This Congress will not stand idly by and allow an environment hostile to Jewish students to persist. The House believes that your institution is in violation of Title VI of the Civil Rights Act, and the inability or
unwillingness to rectify this violation through action requires accountability.
Postsecondary education is a unique opportunity for students to learn and have their ideas and beliefs challenged. However, universities receiving hundreds of millions of federal funds annually have denied
students that opportunity and have been hijacked to become venues for the promotion of terrorism, antisemitic harassment and intimidation, unlawful encampments, and in some cases, assaults and riots.

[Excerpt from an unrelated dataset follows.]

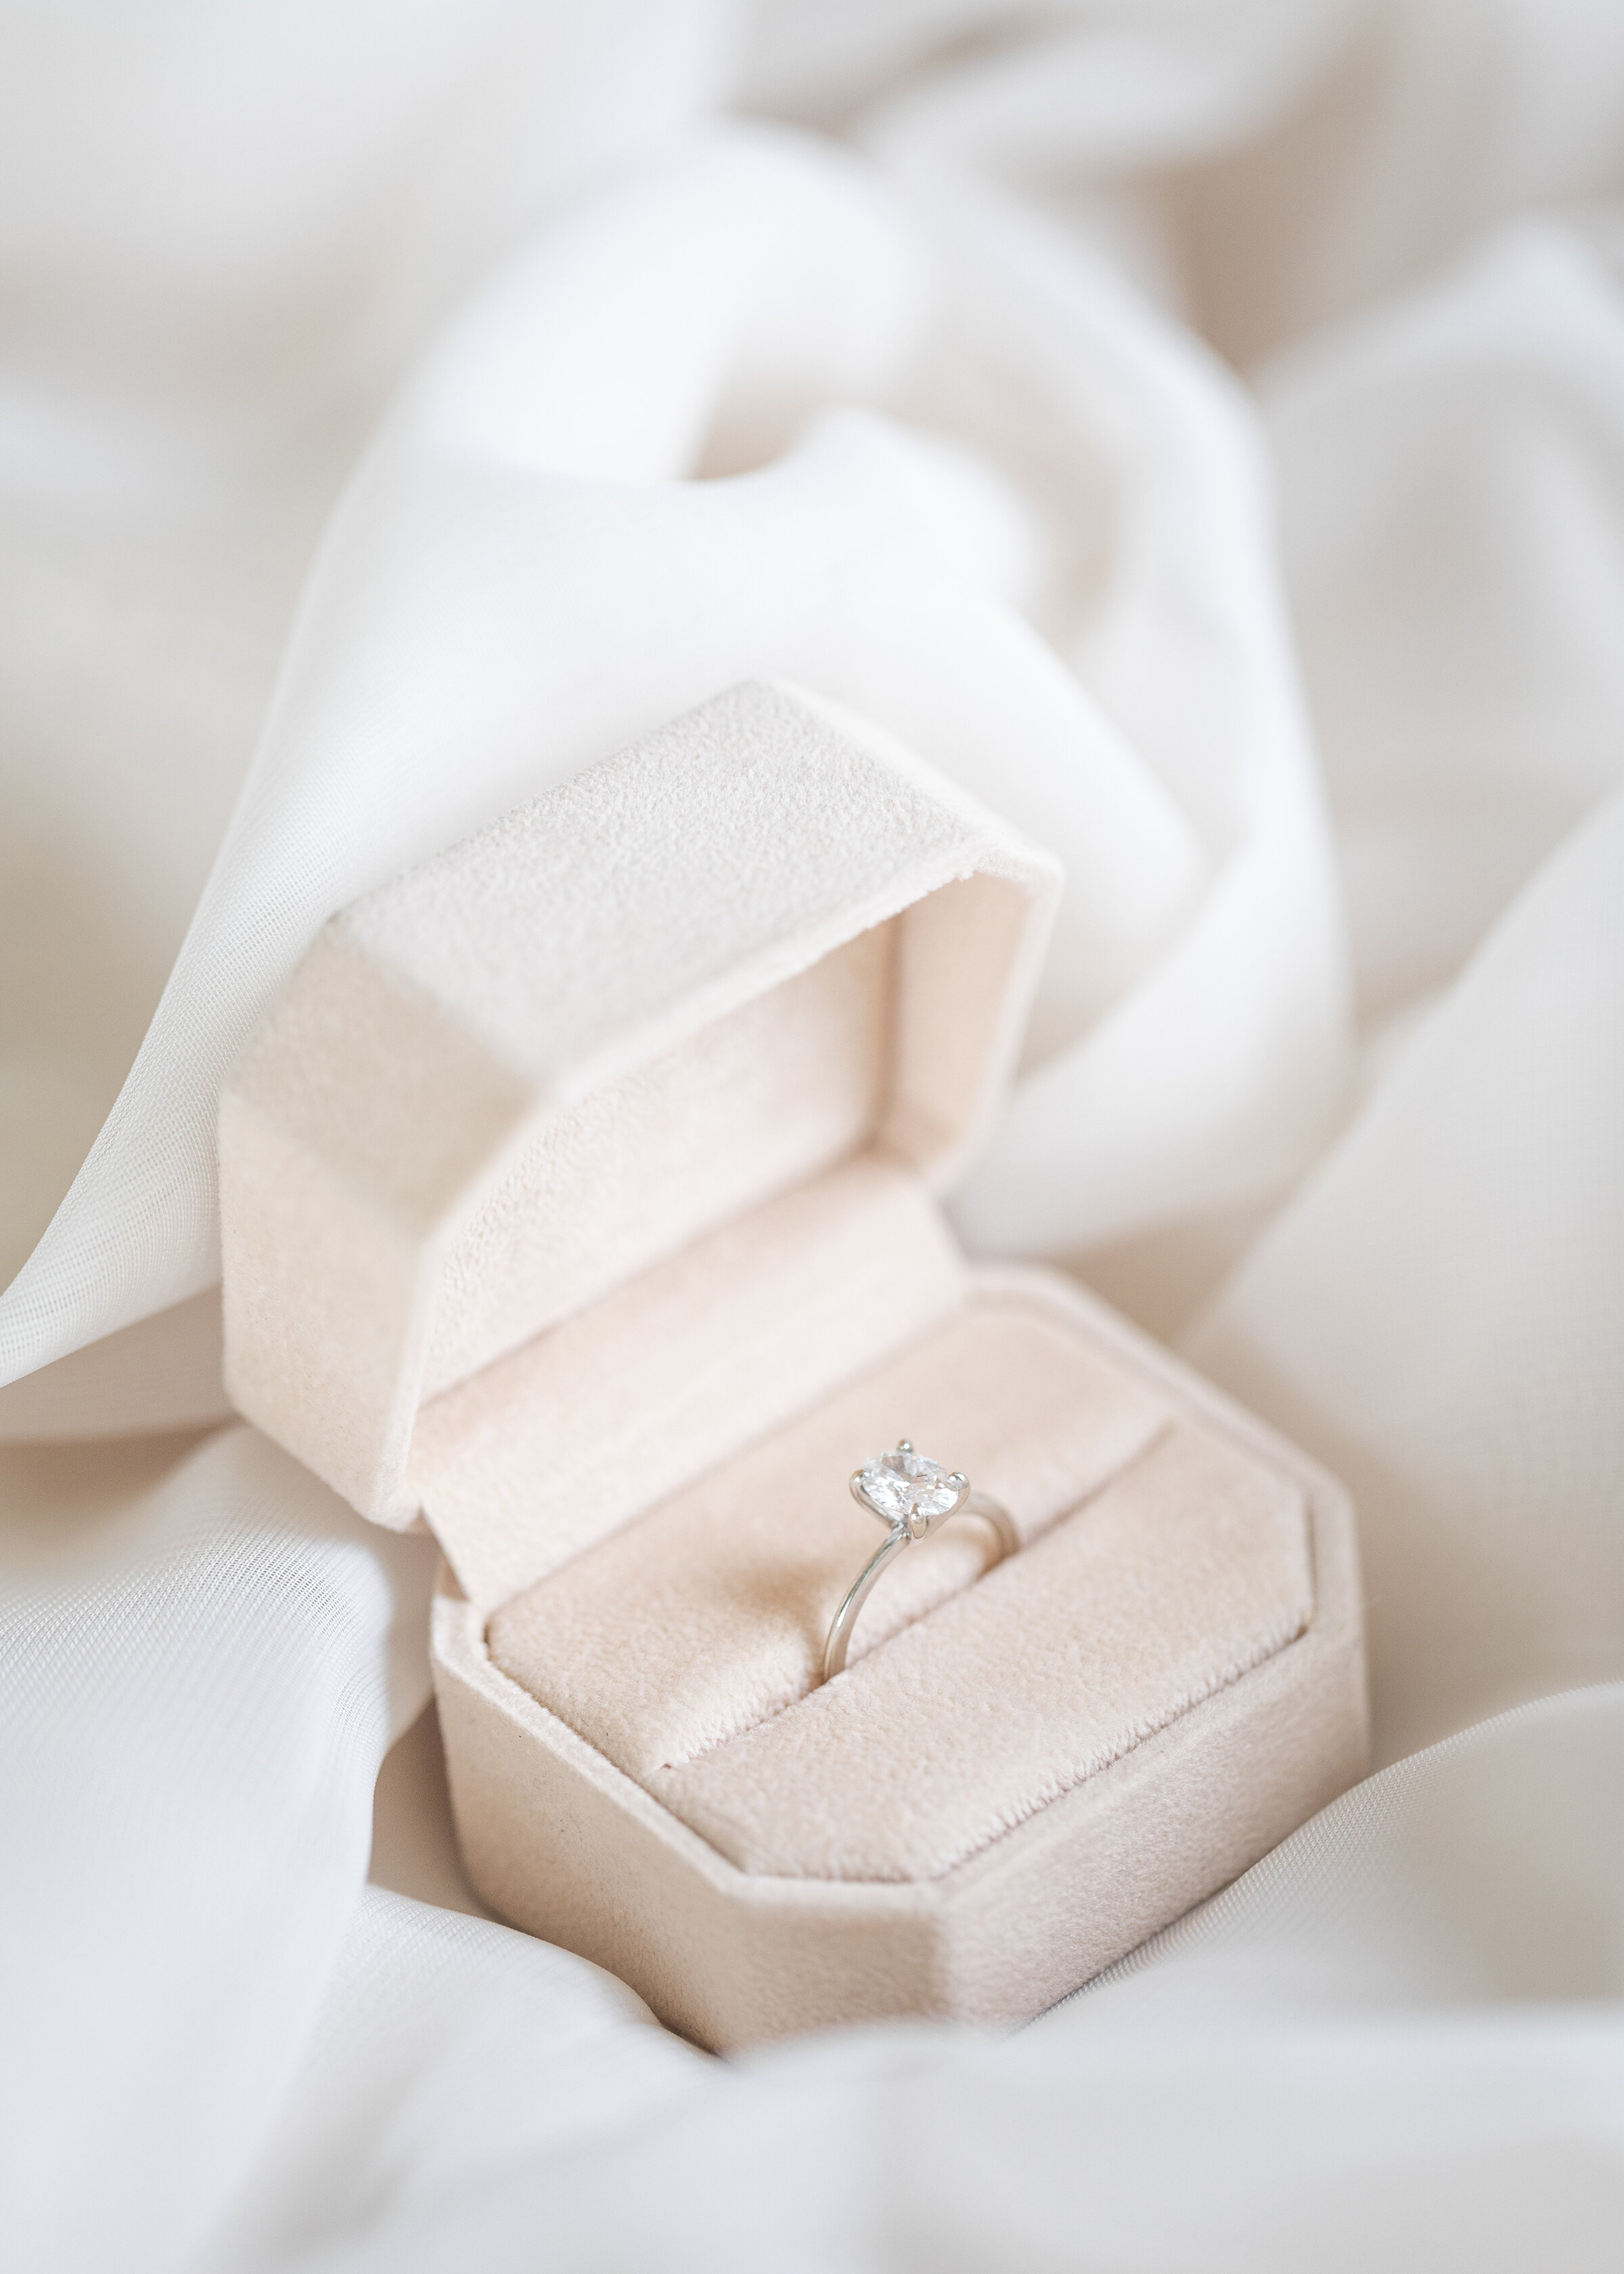  Clarity Lane Photography excels at capturing wedding day details at a reception in Salt Lake City, Utah. soft pink velvet wedding ring box, velvet proposal box, professional salt lake city utah wedding photographer, photographing wedding day details

The House of Representatives will not countenance the use of federal funds to indoctrinate students into hateful, antisemitic, anti-American supporters of terrorism. Investigations into campus antisemitism by the Committee on Education and the Workforce and the Committee on Ways and Means have been expanded into a Congress-wide probe across all relevant jurisdictions to address this national crisis. The undersigned Committees will conduct oversight into the use of federal funds at MIT and its learning environment under authorities granted to each Committee.
• The Committee on Education and the Workforce has been investigating your institution since December 7, 2023. The Committee has broad jurisdiction over postsecondary education, including its compliance with Title VI of the Civil Rights Act, campus safety concerns over disruptions to the learning environment, and the awarding of federal student aid under the Higher Education Act.
• The Committee on Oversight and Accountability is investigating the sources of funding and other support flowing to groups espousing pro-Hamas propaganda and engaged in antisemitic harassment and intimidation of students. The Committee on Oversight and Accountability is the principal oversight committee of the US House of Representatives and has broad authority to investigate “any matter” at “any time” under House Rule X.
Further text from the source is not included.